2026 Regular Session
Link to Bill History on Legacy Website (Click Here)Summary: Improving school district efficiency
PDF: sb579 intr.pdf
DOCX: SB579 INTR.docx
FISCAL NOTE
2026 regular session
Introduced
Senate Bill 579
By Senator Rucker
[Introduced January 22, 2026; referred
to the Committee on Education; and then to the Committee on Finance]
A BILL to amend and reenact §18-9B-7 the Code of West Virginia, 1931, as amended; and to amend the code by adding a new section, designated §18-5-31, relating to improving school district efficiency; allowing a county board to exempt itself and all noncharter public schools under its jurisdiction from all statutes and rules as provided for public charter schools; requiring any county board making such an election to engage an external auditor to perform an independent audit of the county’s finances once every three years; and limiting the county board’s annual cost for the salaries of administrators to not more than six percent of the overall total annual budget of the county.
Be it enacted by the Legislature of West Virginia:
ARTICLE 5. COUNTY BOARD OF EDUCATION.
§18-5-31. County board exemption from statutes and rules.
Notwithstanding any other provision of code to the contrary, any county board, commencing with the school year beginning July 1, 2027 and every school year thereafter, may elect to exempt itself and all noncharter public schools under its jurisdiction from all statutes and rules as provided for public charter schools pursuant to §18-5G-3(c) not including the statutes and rules specified in the subdivisions under that subsection: Provided, That any county board electing to exempt itself and all noncharter public schools under its jurisdiction pursuant to this section shall engage an external auditor to perform an independent audit of the county’s finances once every three years and shall submit the audit to the state superintendent within nine months of the end of the fiscal year for which the audit is performed.
ARTICLE 9B. STATE BOARD OF SCHOOL FINANCE.
§18-9B-7. Determination by the state superintendent before final approval of budget; length of term.
(a) The state superintendent, before giving his or her final approval to a proposed budget, shall require that:
(1) Estimates of revenue and receipts are reasonable and accurate;
(2) Amounts are budgeted so as to cover actual requirements of school operation;
(3) The county board’s annual cost for the salaries of administrators does not exceed six percent of the overall total annual budget of the county; and
(3) (4) Amounts are budgeted so as to maintain the schools of the county for the employment term and the instructional term as provided by §18-5-45 of this code.

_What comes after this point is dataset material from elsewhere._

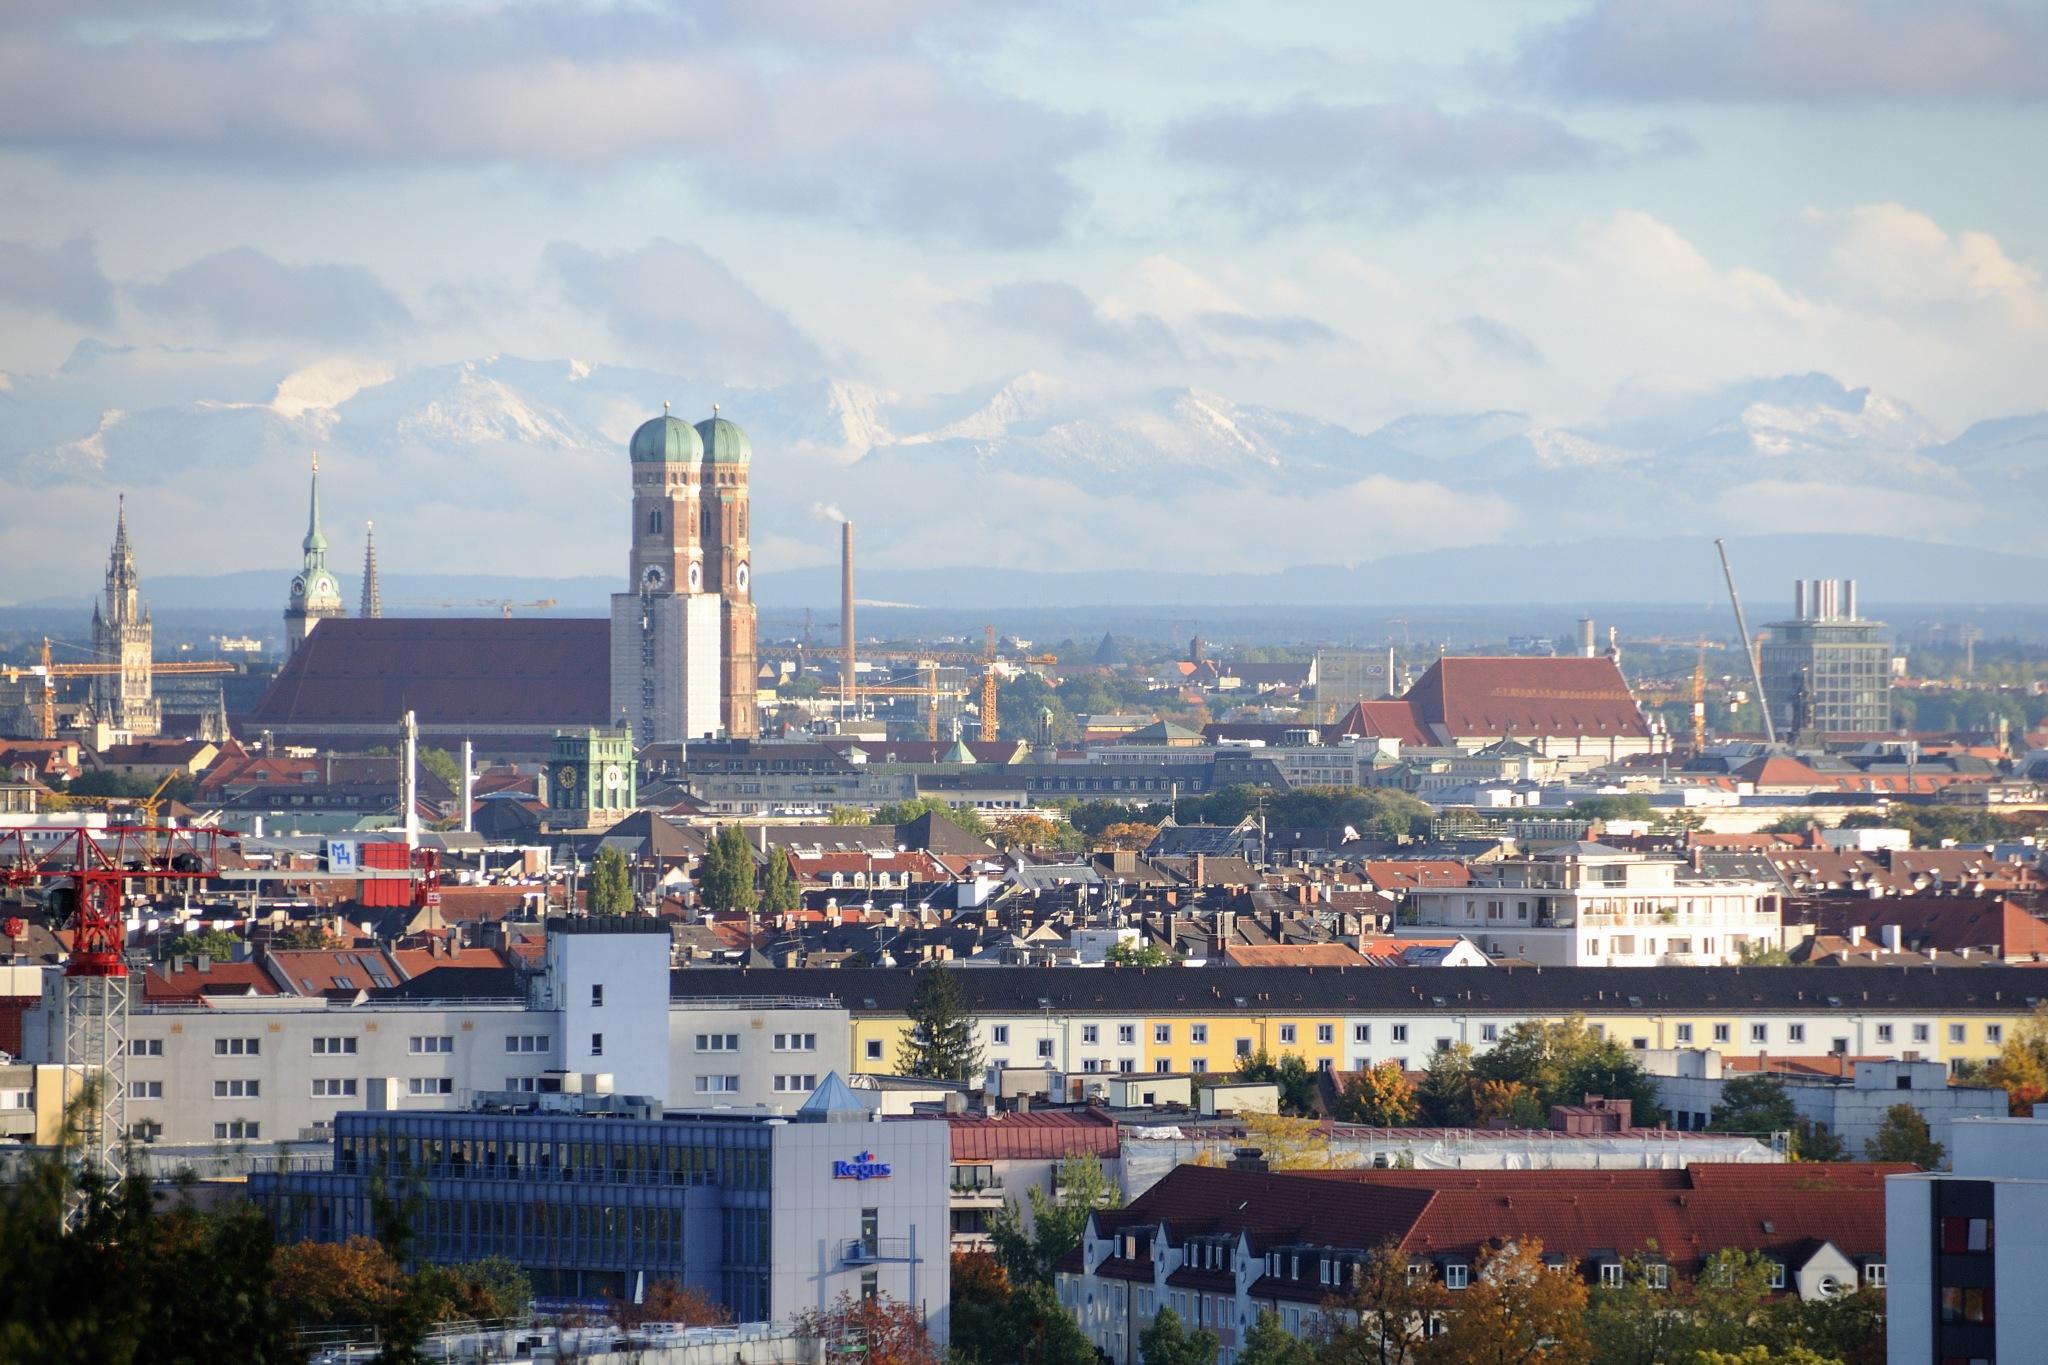 City of Munich by Zdenek Krchak

(b) For the purposes of this section, "administrators" include the county superintendent; deputy, associate, or assistant superintendents; administrative assistants; attorneys; directors or managers of instruction; directors or managers of supportive services; chief school business officials; child nutrition directors; adult program coordinators; principals; assistant principals; directors and coordinators of services; accounts payable supervisors; payroll supervisors; supervisors of maintenance; supervisors of transportation; school bus supervisors; food services supervisors; or any other person performing administrative duties similar to the foregoing persons.
NOTE: The purpose of this bill is to allow a county board to exempt itself and all noncharter public schools under its jurisdiction from all statutes and rules as provided for public charter schools; require any county board making such an election to engage an external auditor to perform an independent audit of the county’s finances once every three years; and limit the county board’s annual cost for the salaries of administrators to not more than six percent of the overall total annual budget of the county.
Strike-throughs indicate language that would be stricken from a heading or the present law and underscoring indicates new language that would be added.